In a recent post, I mentioned my re-acquaintance with my childhood as a result of an RMIT course.

There is another side to this acquaintance because the books I read as a child are not out of print. Because of my obsession with old county cricket, ever sicne I realised how poorly maintained the State Library's old Wisdens are (though they are a little better now than they were in 1991 when my old county cricket obsession began) I have always wanted to have my own copy of these ancient books. As a result, I know very well, especially as a result of my contact with Yallambie book merchant Roger Page, the collectibility almost all Wisdens except the most modern and least interesting.

Because of this, when I had to look at Time Machine books for my RMIT course, I had to know how much they would cost for sale on eBay.

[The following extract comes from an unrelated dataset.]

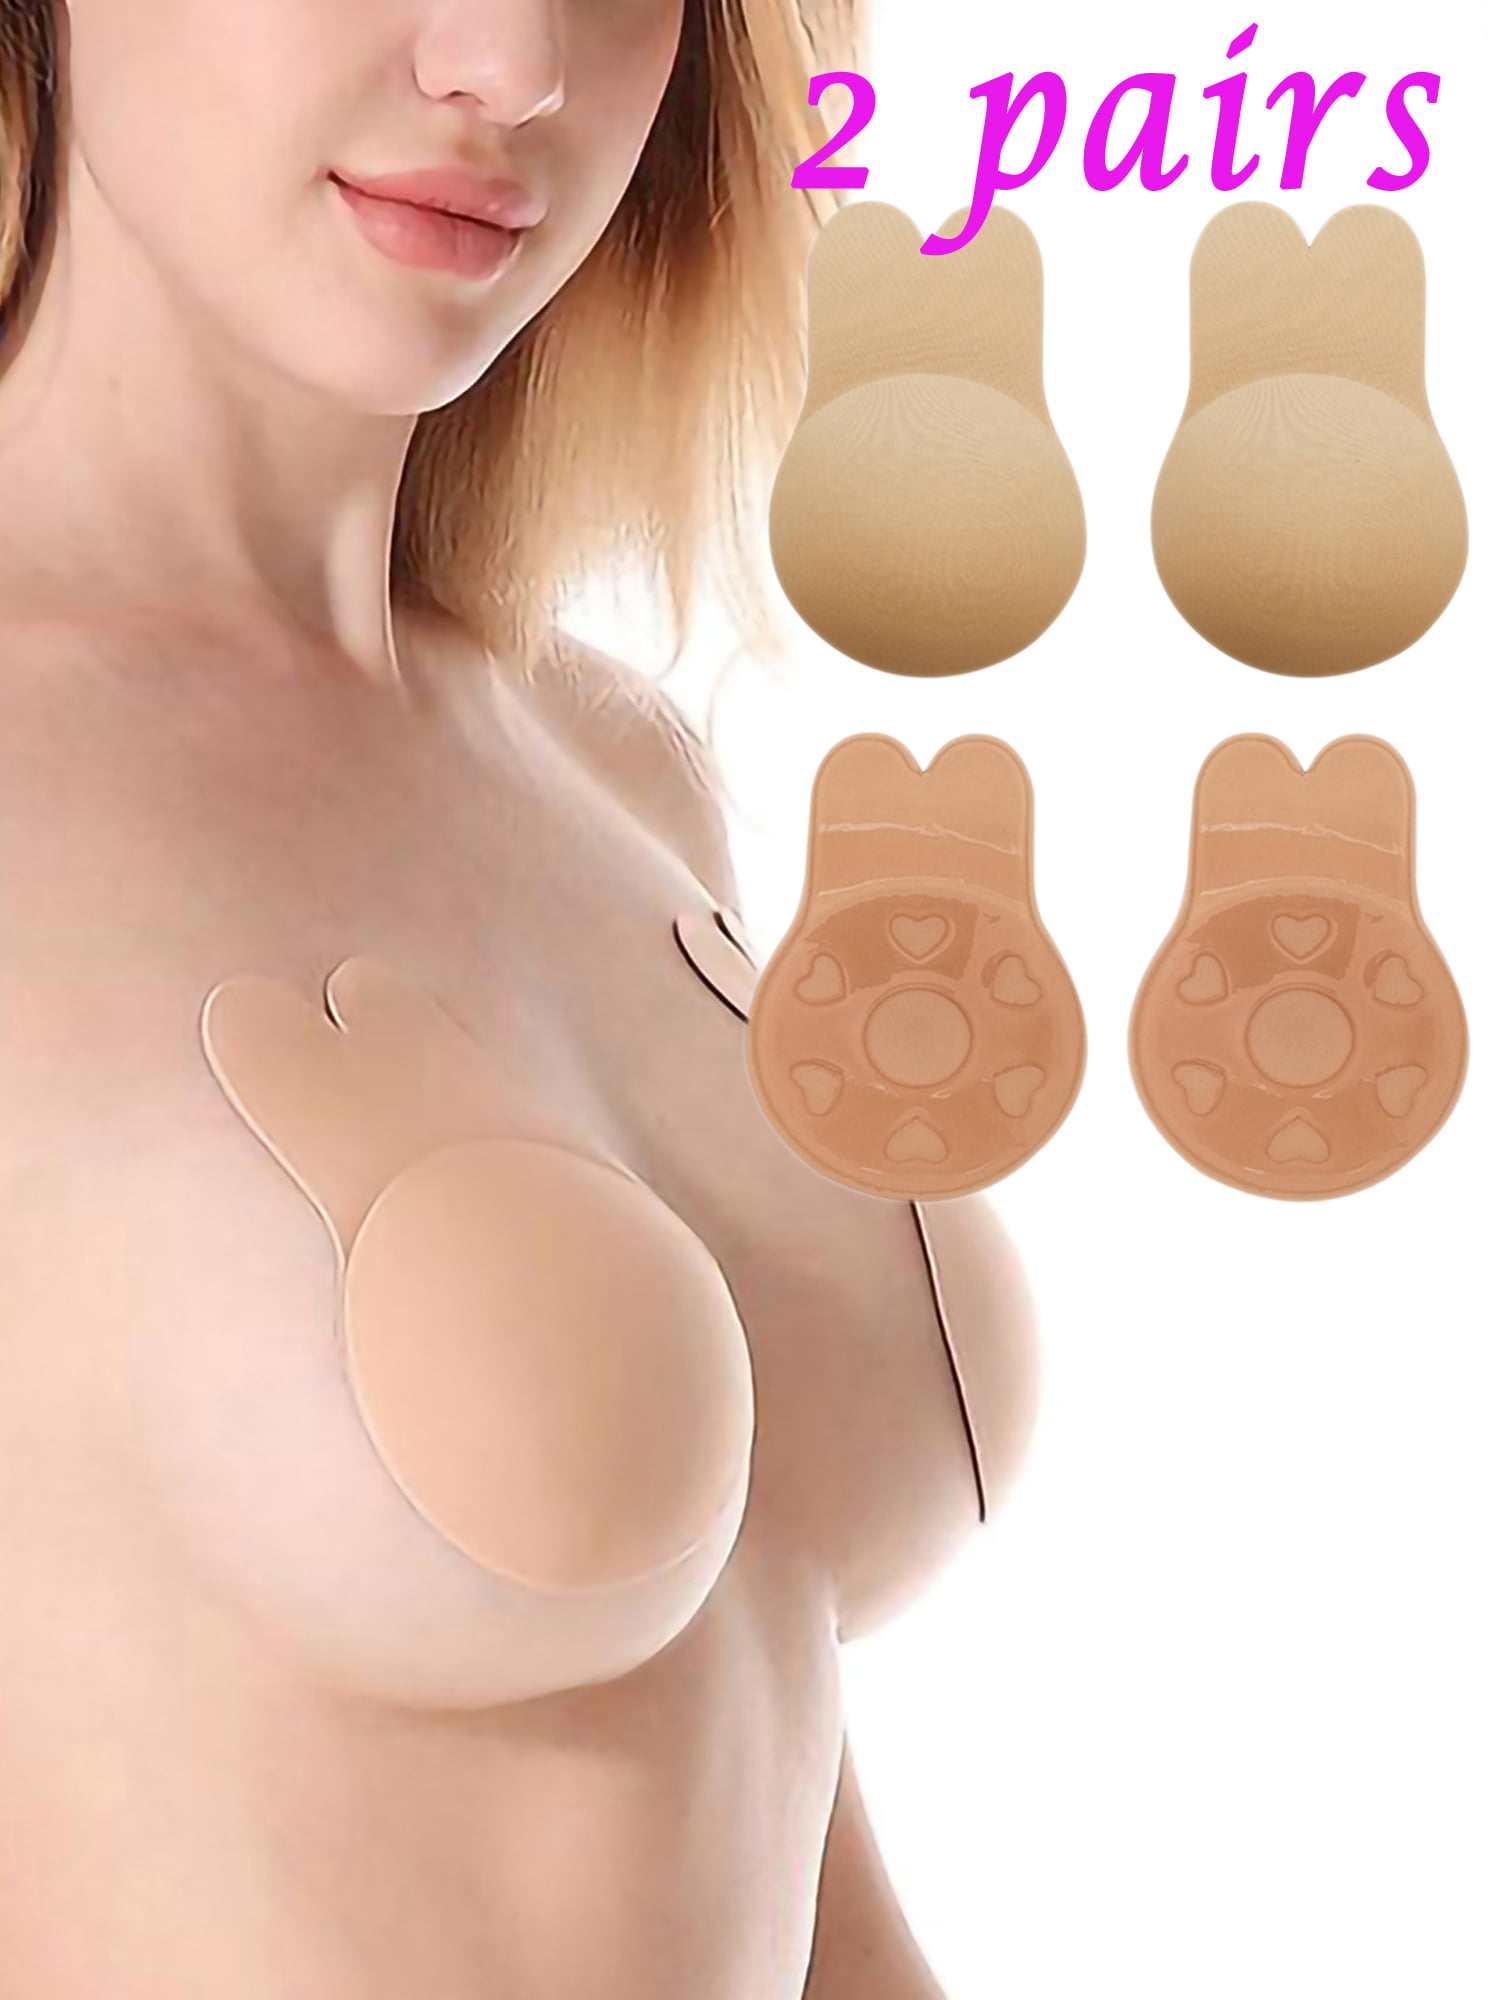 2 Pair Silicone Nipple Covers for Women – abit nippy

Being as obsessed with statistics as I am, I naturally tried to find out which were the hardest to find - the hardest book in the series to find was Mission to World War II, owing to the collectibility of books on Nazi Germany.

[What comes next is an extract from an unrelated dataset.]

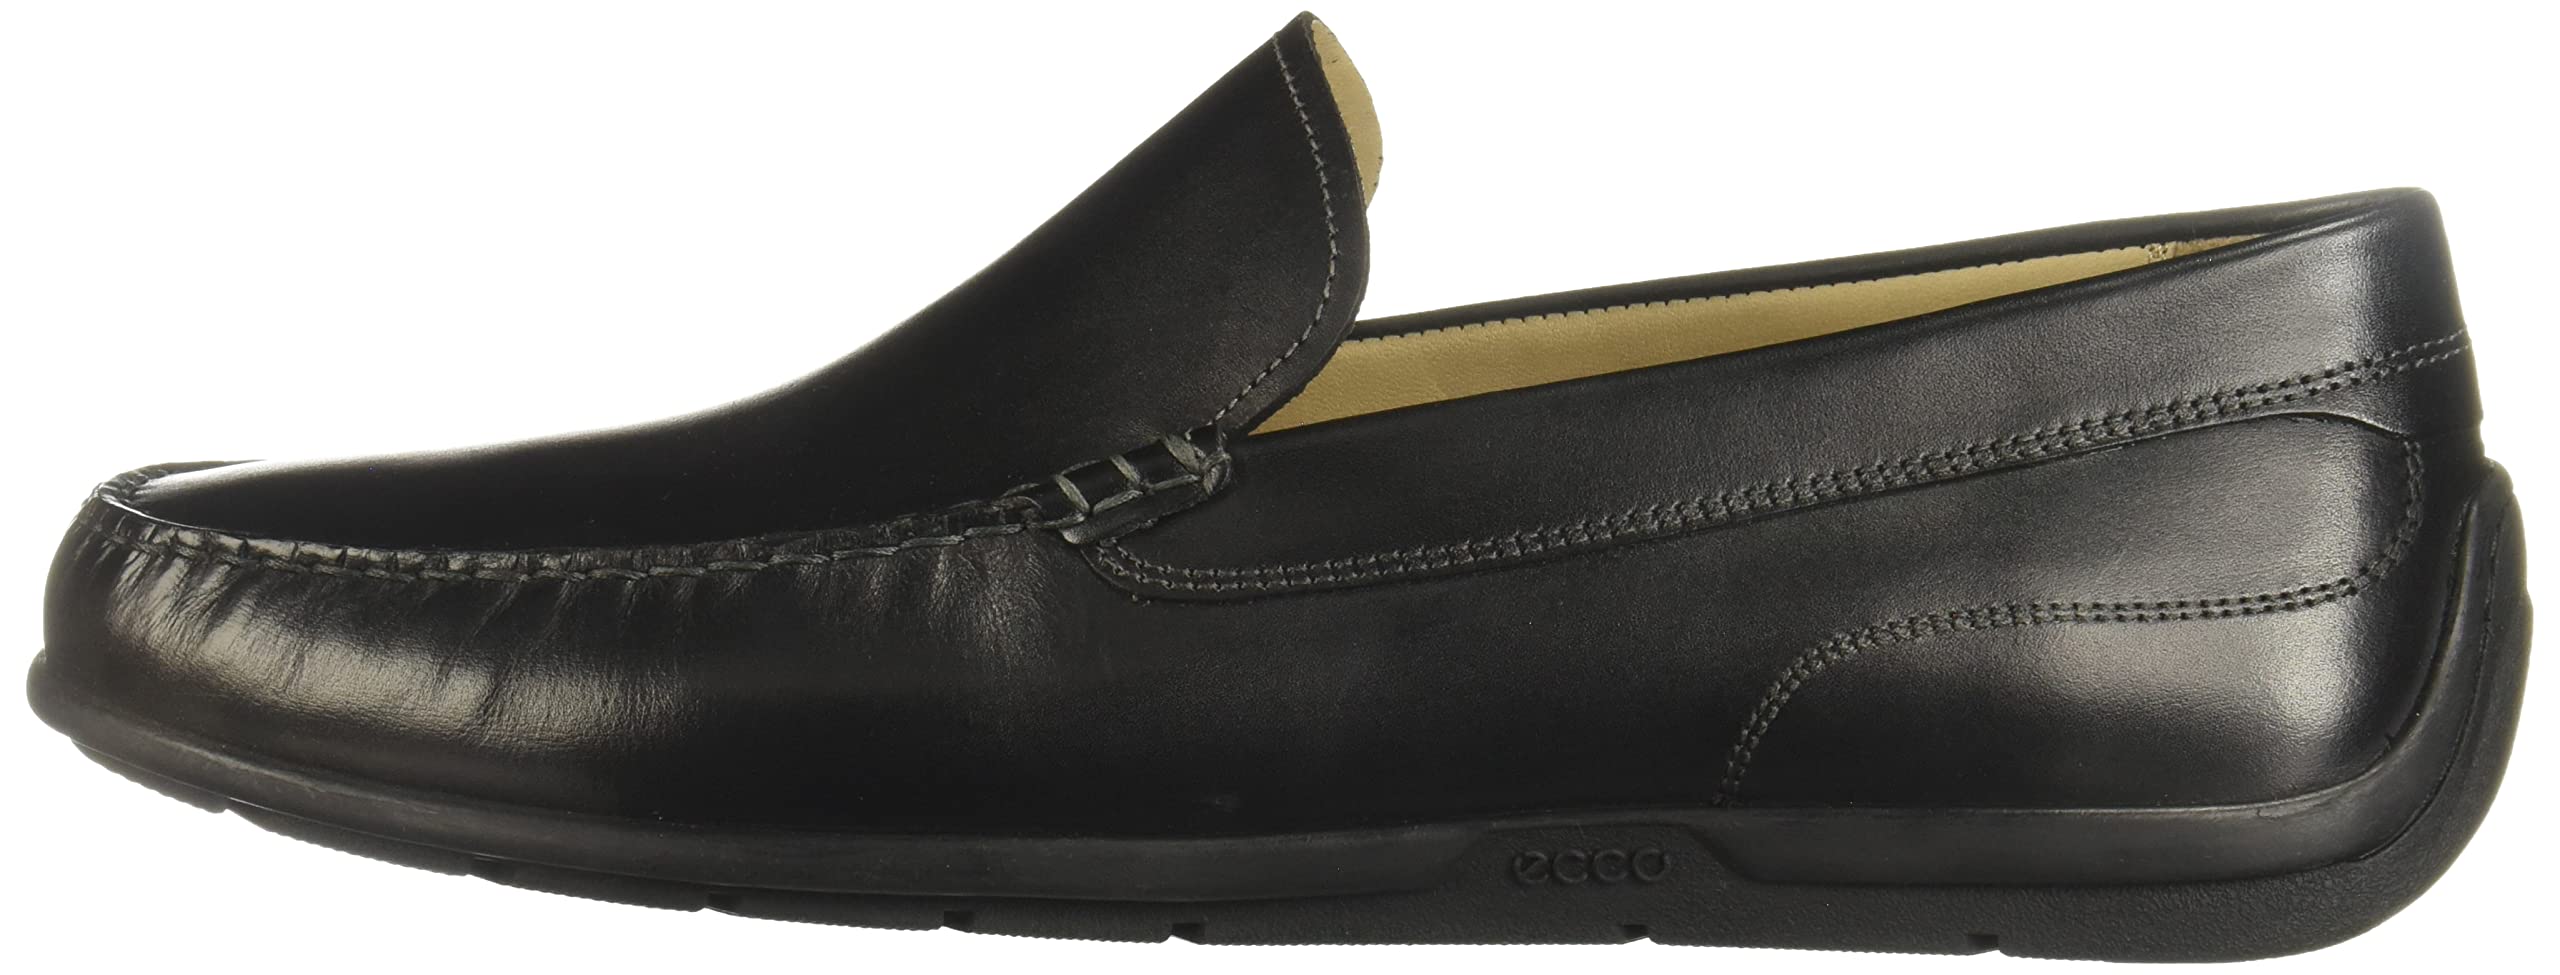 ECCO Men's Classic Moc 2.0 Driving Style Loafer

I spent the whole of today at home trying to look at the collectibility of Choose Your Own Adventure books. I have excluded those authors whose books have been reprinted since 2005 because the same stories are still available even if modified. Demian told me that it would be the later books that were most collectible because they were never reprinted. My research, based on experience at certain outer suburban bookshop and thrift shops and on eBay over the last month, shows that Demian is basically right. However, the chart of my research shows that titles between #54 (Forest of Fear) and #70 (Invaders of the Planet Earth) are almost as rare. I have tended to presume this to be because of several authors who never wrote a book for the series at a later date having their books removed from printing quite early in the process and fewer copies having survived than of titles between #71 and #140. Authors of whom this might be true include Meryl Siegman, Ann Hodgman, Deborah Lerme Goodman and Tony Koltz (his Terror Island I have seen sold only by one buy-it-now store on eBay, but Vampire Express is far better-known and was reprinted until the series ended)

Another notable feature is the "You Are..." books tending to be harder to find than others of similar number. You Are A Shark, the first book of this type, is also the only among the first hundred I have not found absolutely anywhere. Later "You Are..." titles are similarly rare.